Marine Biopolymer Dynamics, Gel Formation, and Carbon Cycling in the Ocean

Much like our own body, our planet is a macroscale dynamic system equipped with a complex set of compartmentalized controls that have made life and evolution possible on earth. Many of these global autoregulatory functions take place in the ocean; paramount among those is its role in global carbon cycling. Understanding the dynamics of organic carbon transport in the ocean remains among the most critical, urgent, and least acknowledged challenges to modern society. Dissolved in seawater is one of the earth's largest reservoirs of reduced organic carbon, reaching similar to 700 billion tons. It is composed of a polydisperse collection of marine biopolymers (MBP), that remain in reversible assembled <-> dissolved equilibrium forming hydrated networks of marine gels (MG). MGs are among the least understood aspects of marine carbon dynamics. Despite the polymer nature of this gigantic pool of material, polymer physics theory has only recently been applied to study MBP dynamics and gel formation in the ocean.
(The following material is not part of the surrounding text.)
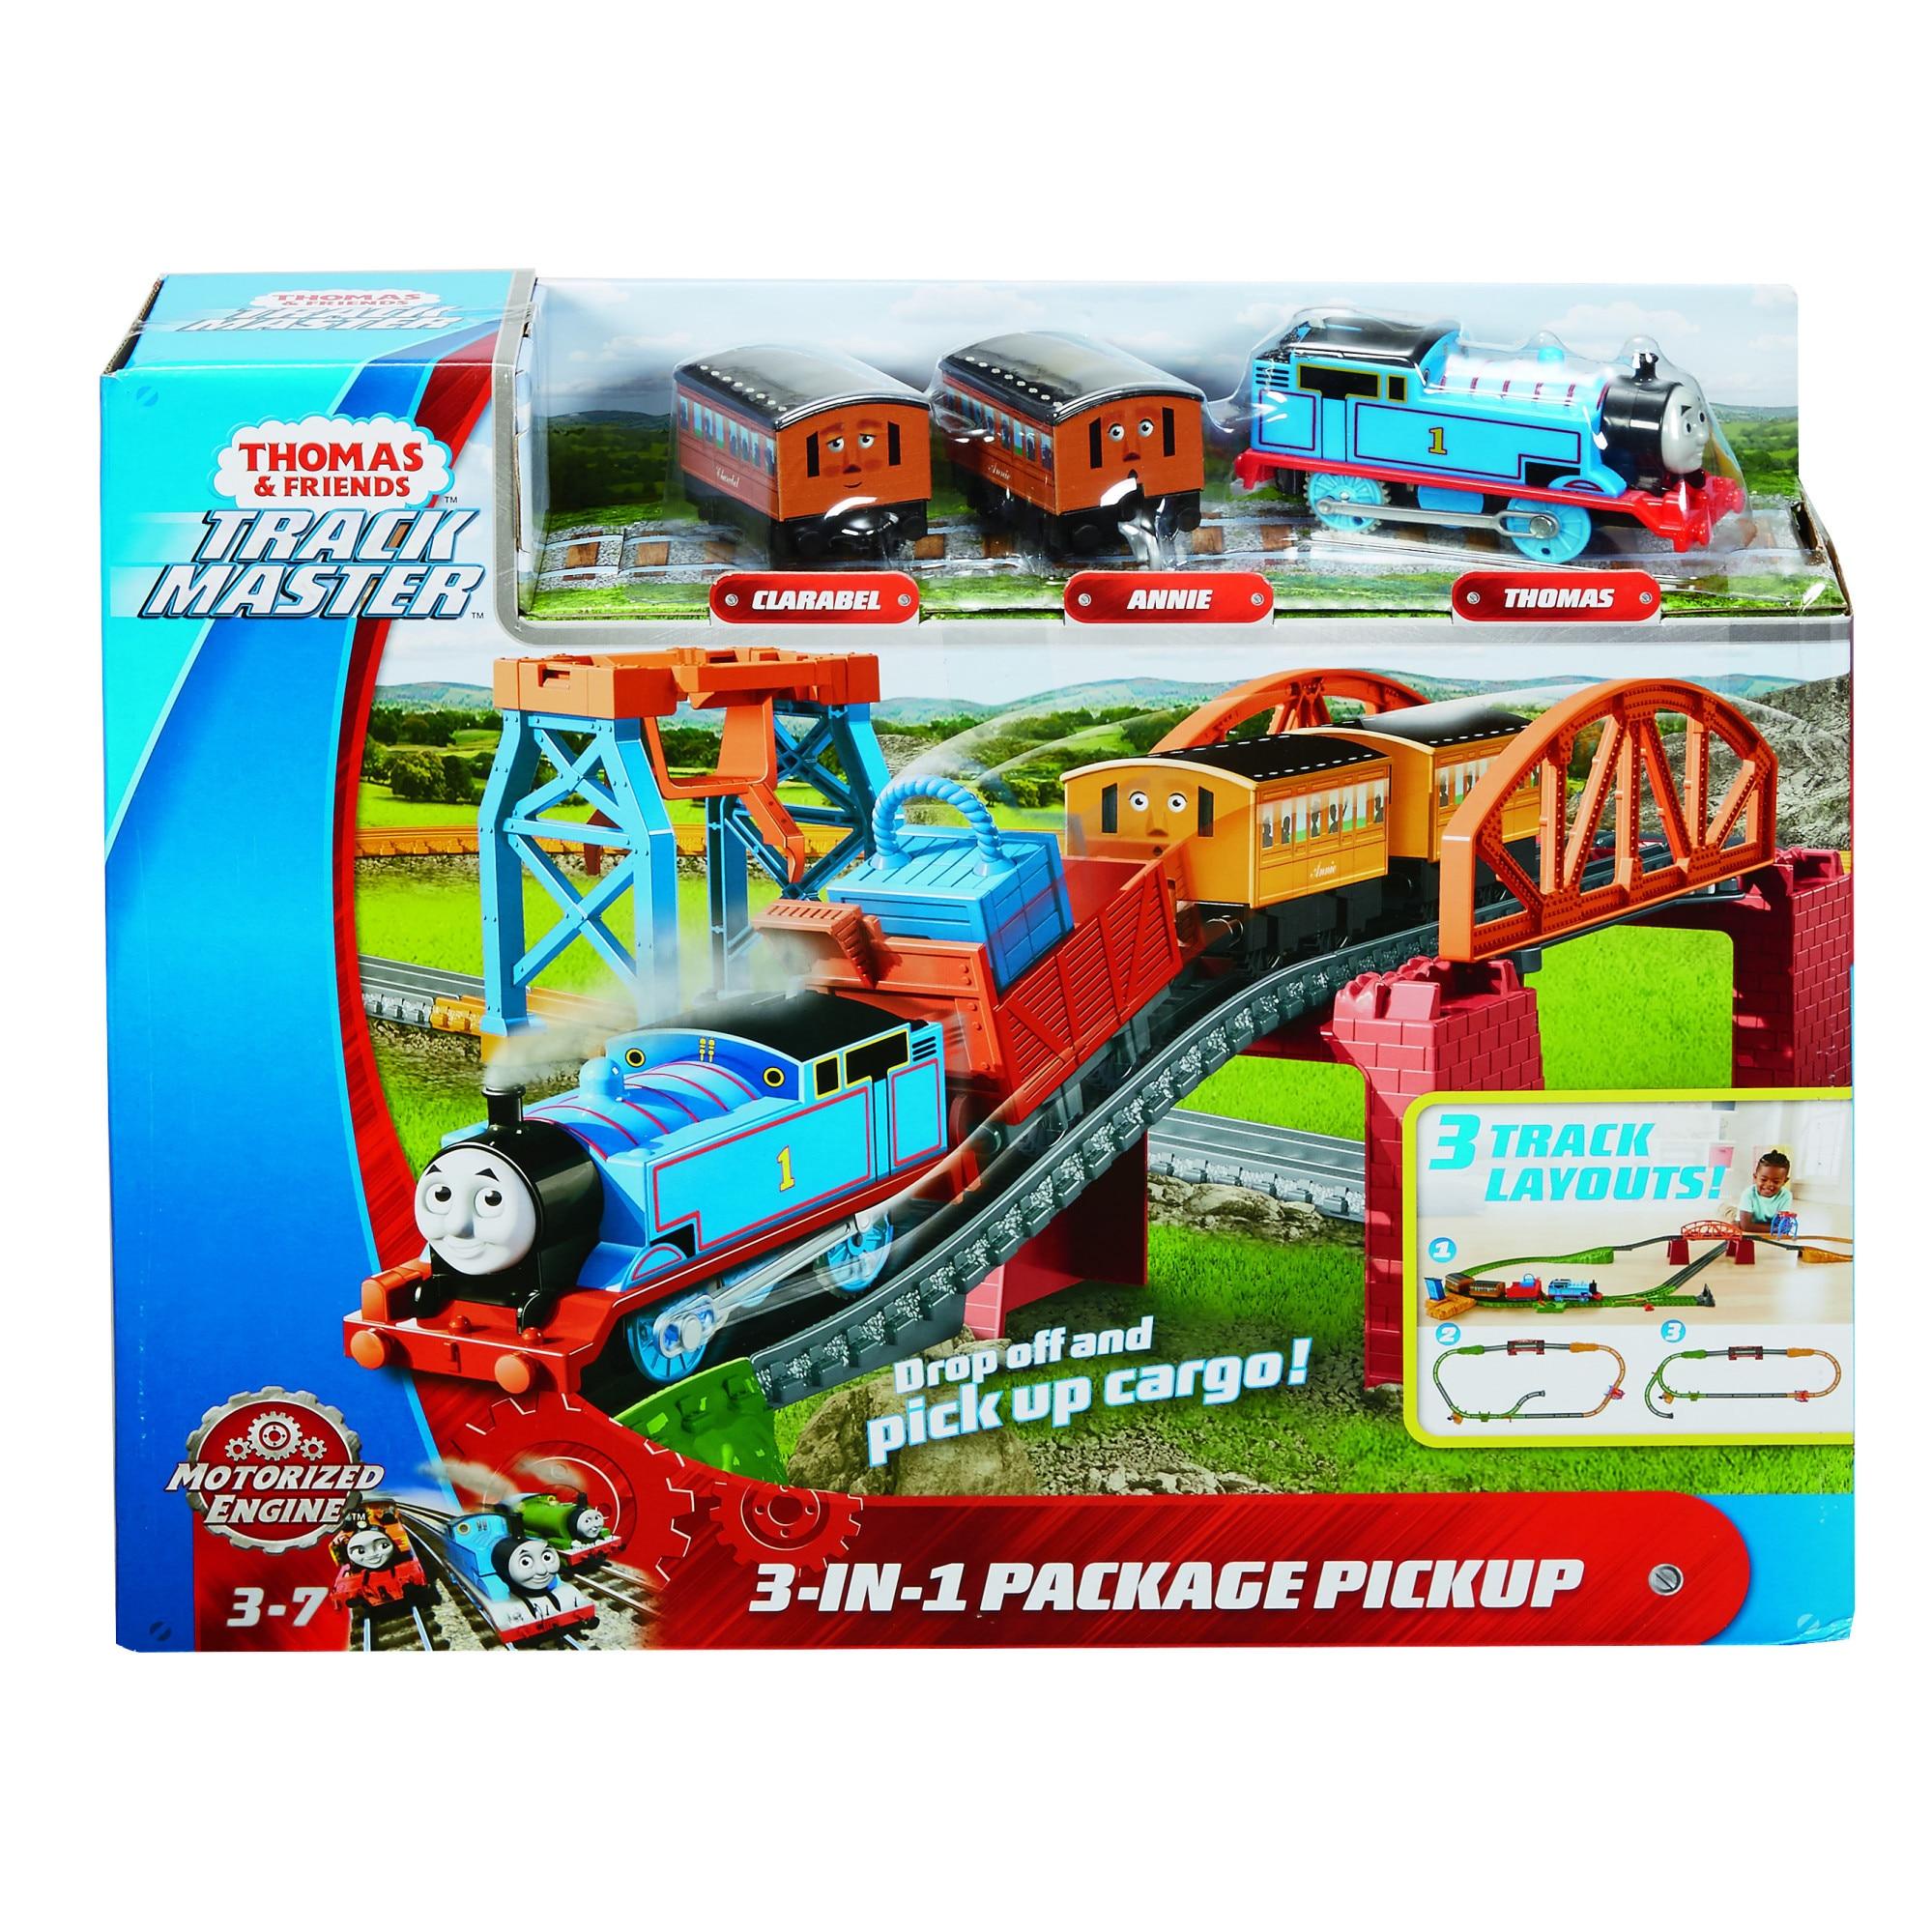 Fotografie Set de joaca Thomas & Friends 3 in 1 - Track Master, Package pickup

There is a great deal of descriptive phenomenology, rich in classifications, and significant correlations. Still missing, however, is the guide of robust physical theory to figure out the fundamental nature of the supramolecular interactions taking place in seawater that turn out to be critical to understanding carbon transport in the ocean.

Automated summary

Similar to our body, the planet is a macroscopic dynamic system with compartmentalized controls that have enabled life and evolution. The transport of organic carbon in the ocean, forming marine gels, is a critical but often overlooked challenge. Understanding the fundamental nature of the molecular interactions in seawater is essential for comprehending carbon transport dynamics in the ocean.